A DAY AFTER war with Iraq began, Defense Secretary Donald Rumsfeld responded with a grin to a reporter who complained the fighting wasn't going the way he'd been led to believe. You don't know the real plan, Rumsfeld said, sounding a bit like Jack Nicholson as a Marine general in "A Few Good Men." And he added he was quite happy about that fact.

Indeed, the war has gone quite differently from media expectations, including the expectations of many of the retired military men now holding forth on television. What's different and in some cases surprising? Here's a list:

Top down. Normally invasions are initially aimed at the soldiers of the enemy and, once they are defeated, the top leaders are targeted. In World War II, first came the defeat of Nazi armies, then the drive to go after Hitler in his Berlin bunker. Not so in Gulf War II. The very first attack was on Saddam's bunker in Baghdad and the effect, whether Saddam is dead, wounded, or alive, was to throw the Iraqi leadership into disarray.

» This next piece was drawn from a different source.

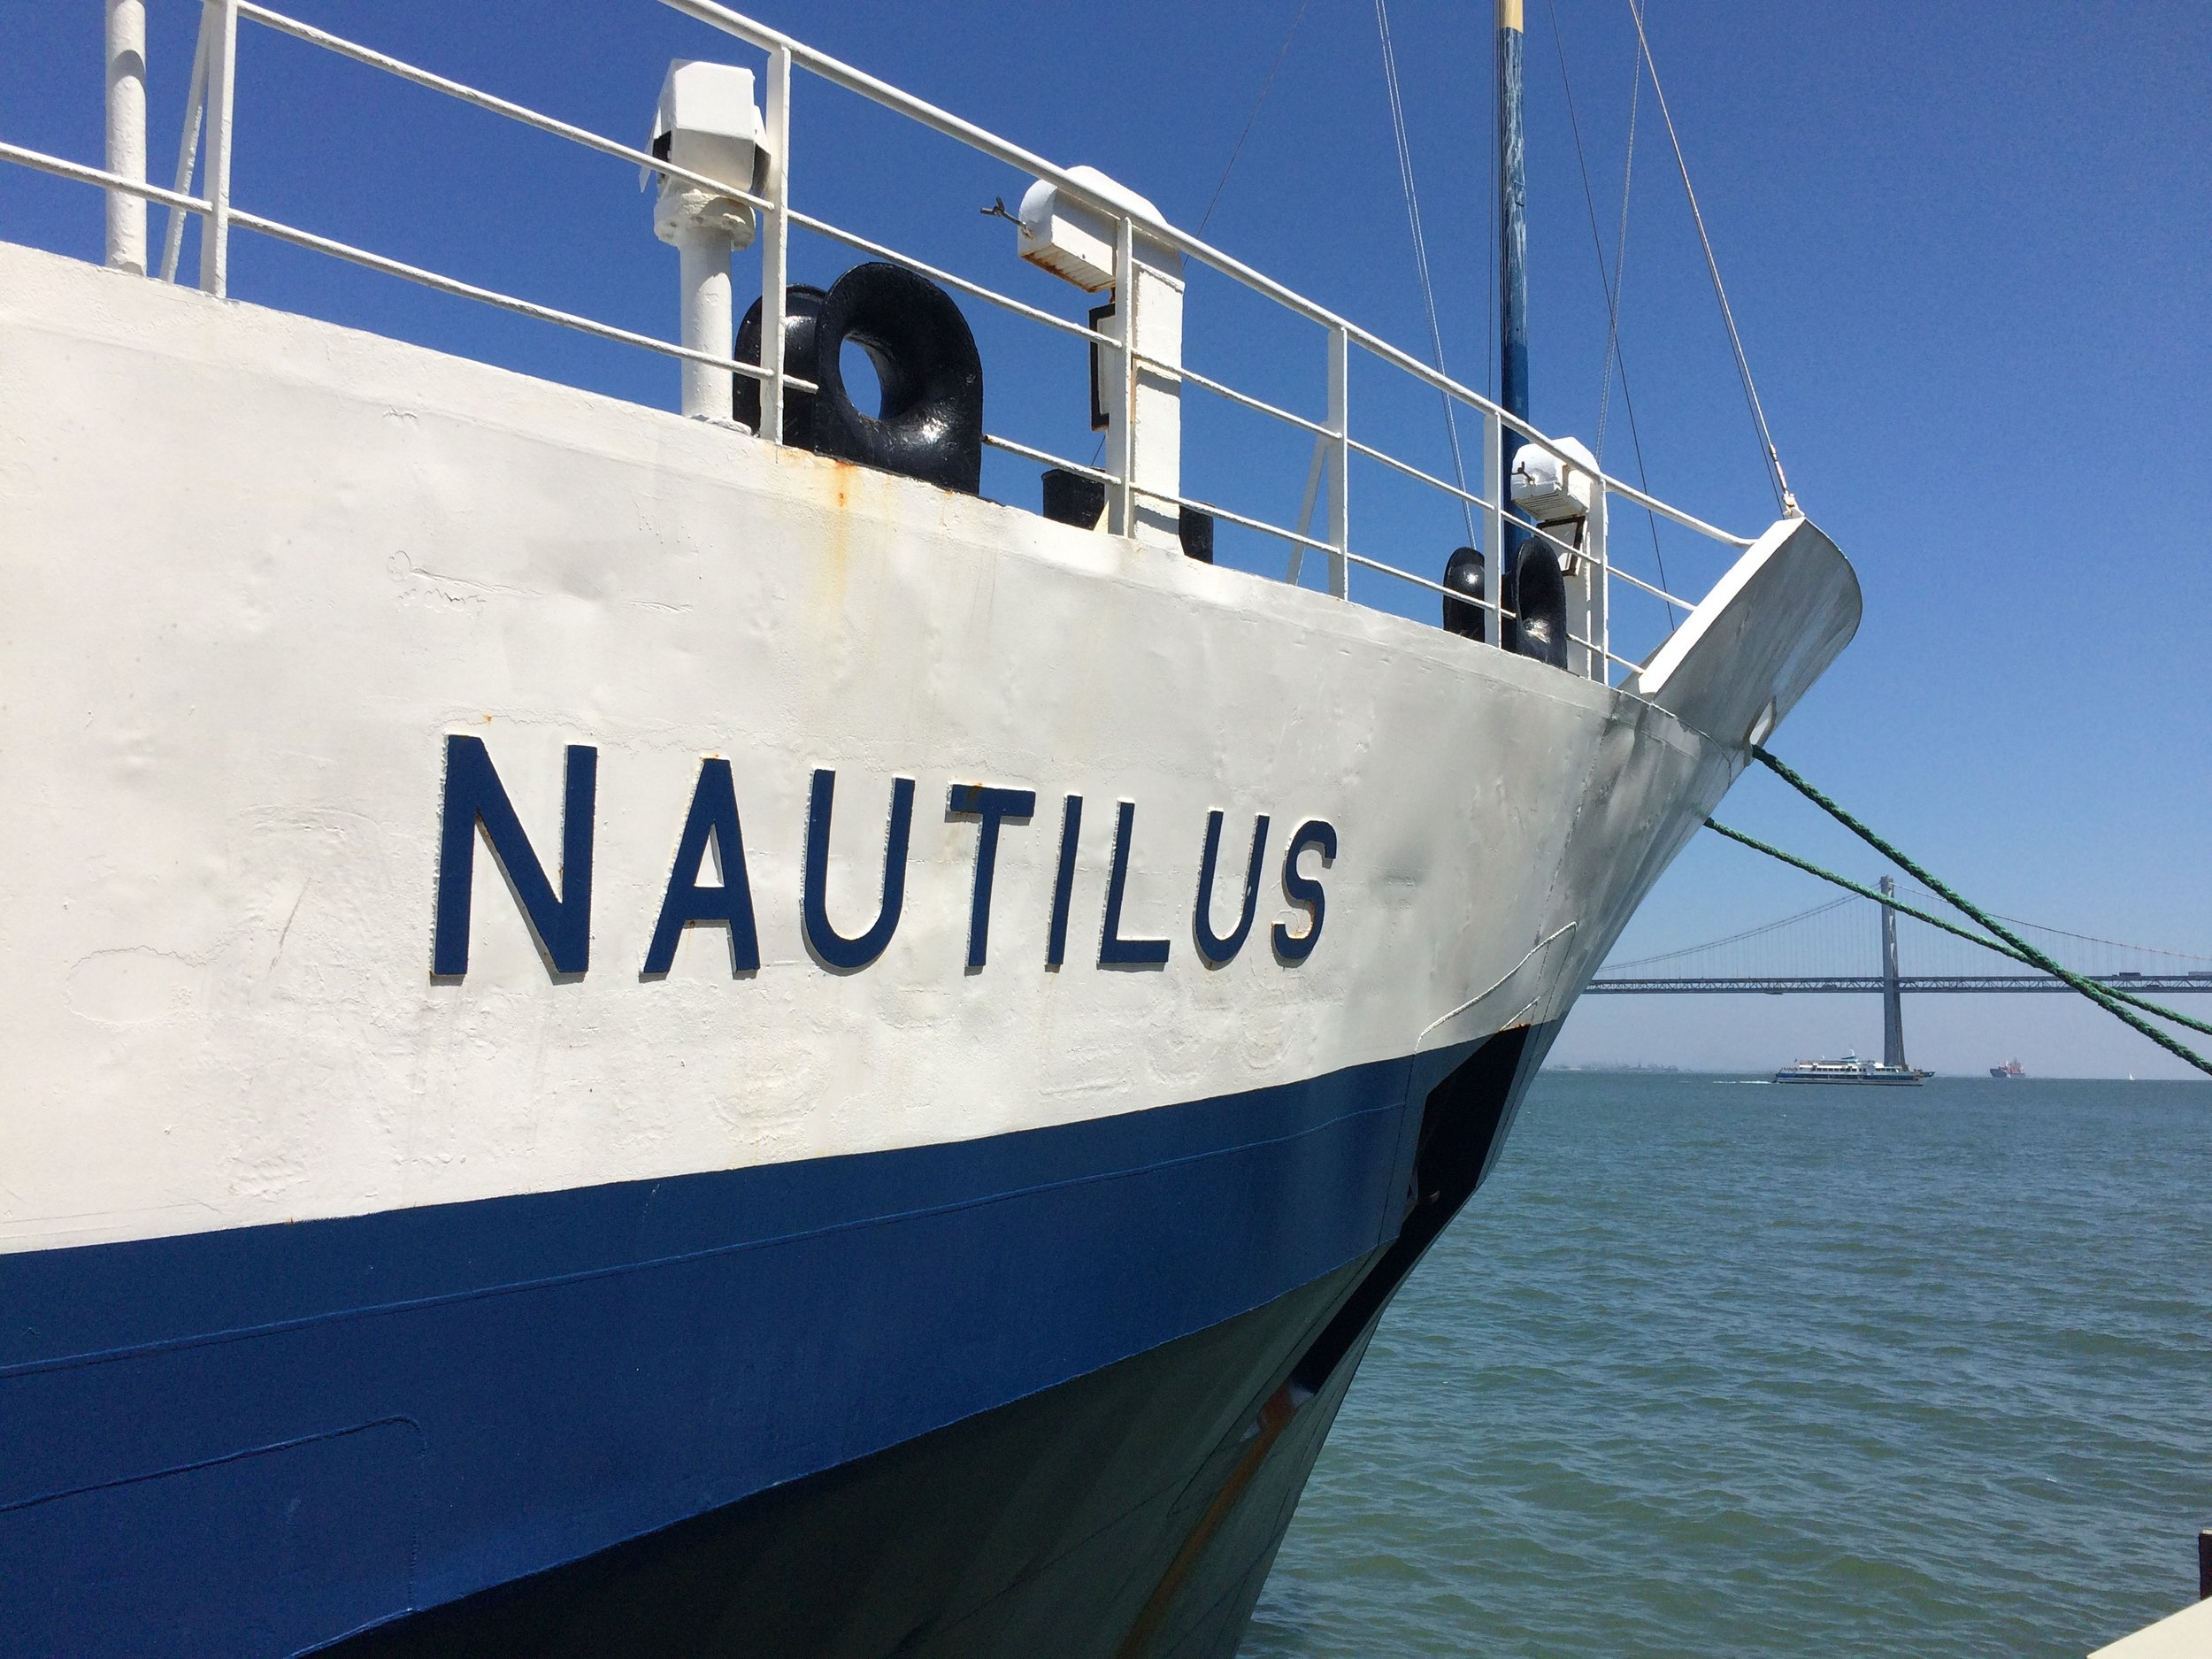 The lovely E/V Nautilus docked in San Francisco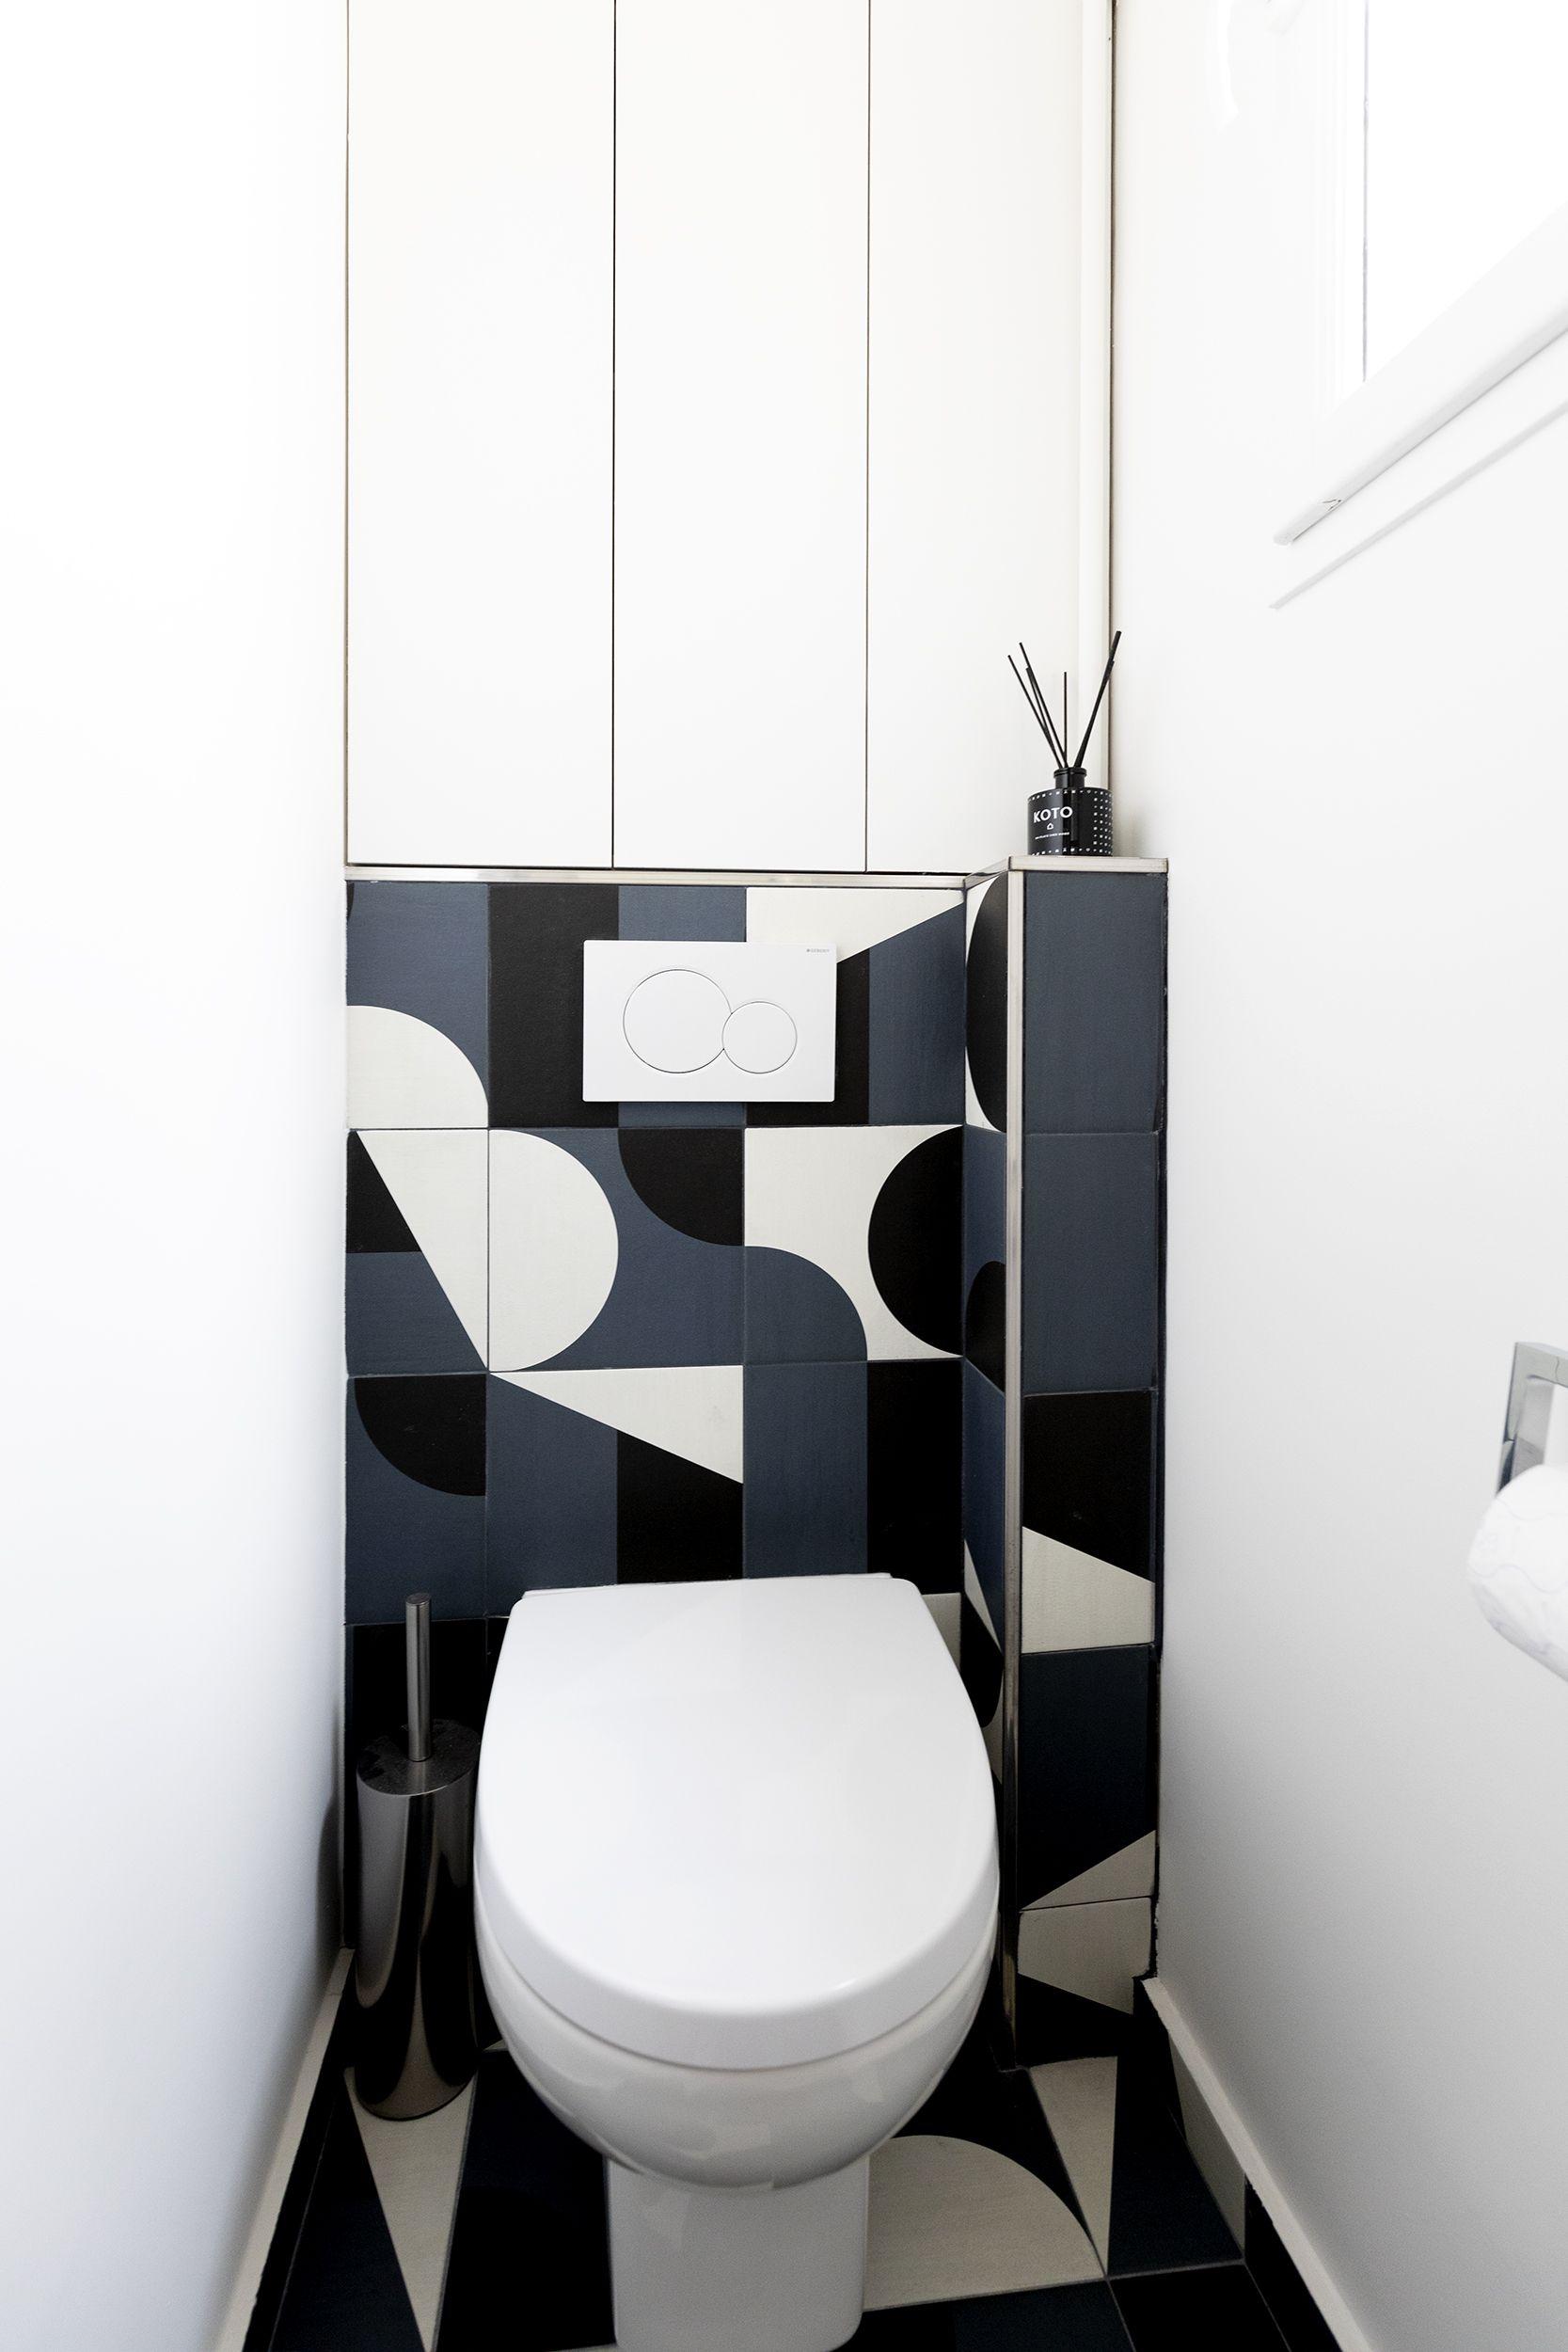 Toilettes Design Toilette Design Carrelage Toilette Toilettes

Meanwhile, U.S. officials were in contact by phone with senior Iraqi generals, seeking their surrender. The fighting between American and Iraqi troops came later.

Surrender. Never in modern warfare has more public and private emphasis been placed on coaxing the enemy into surrendering. President Bush, Secretary Rumsfeld, and Gen. Richard Myers, the chairman of the Joint Chiefs of Staff, have all made public appeals. There's a good reason, of course. The more Iraqis who surrender, the
less combat, the fewer civilian casualties, the fewer American military dead or wounded.

Search. As the fighting goes on, there's are searches going on all over Iraq. No, not just for Saddam and his inner circle. Special ops troops are combing the country, which is the size of California, for weapons of mass destruction. Finding them is important to bolstering the American case for attacking in the first place.

Embedding. The deployment of journalists in actual fighting units with live cameras is a first. And what a smart idea, both for journalism and for the military! The idea, by the way, came from Victoria Clarke, the Pentagon spokeswoman. It puts reporters in the field with the grunts, and the two are bound to bond. American soldiers have a great appeal, and perhaps journalists will learn how to cuss properly. In any case, it takes the emphasis off the military brass, whom reporters are sure to dislike and distrust.

Ground troops first. The plan, the media thought, was either to have bombers clear the way for the troops or at least to have them bombing as tanks and infantry advanced. Not this time. Well before the heavy bombing began, the 3rd Infantry Division was streaking northward to Baghdad, its flanks uncovered. It was reminiscent of Gen. George Patton and his tanks racing across the north of France in 1944 after the breakout in Normandy. The surge across Iraq was very exciting, but not what was expected.

Talk first, then fight. This is part of the effort to achieve mass Iraqi surrenders. Weeks before the war, special ops troops entered Iraq and made contact with officials who might be convinced to defect or at least not fight. Then came the calls to the cell phones of the Iraqi officer class. In prior wars, such negotiations came after one side won. But in Gulf War II, American officials didn't wait.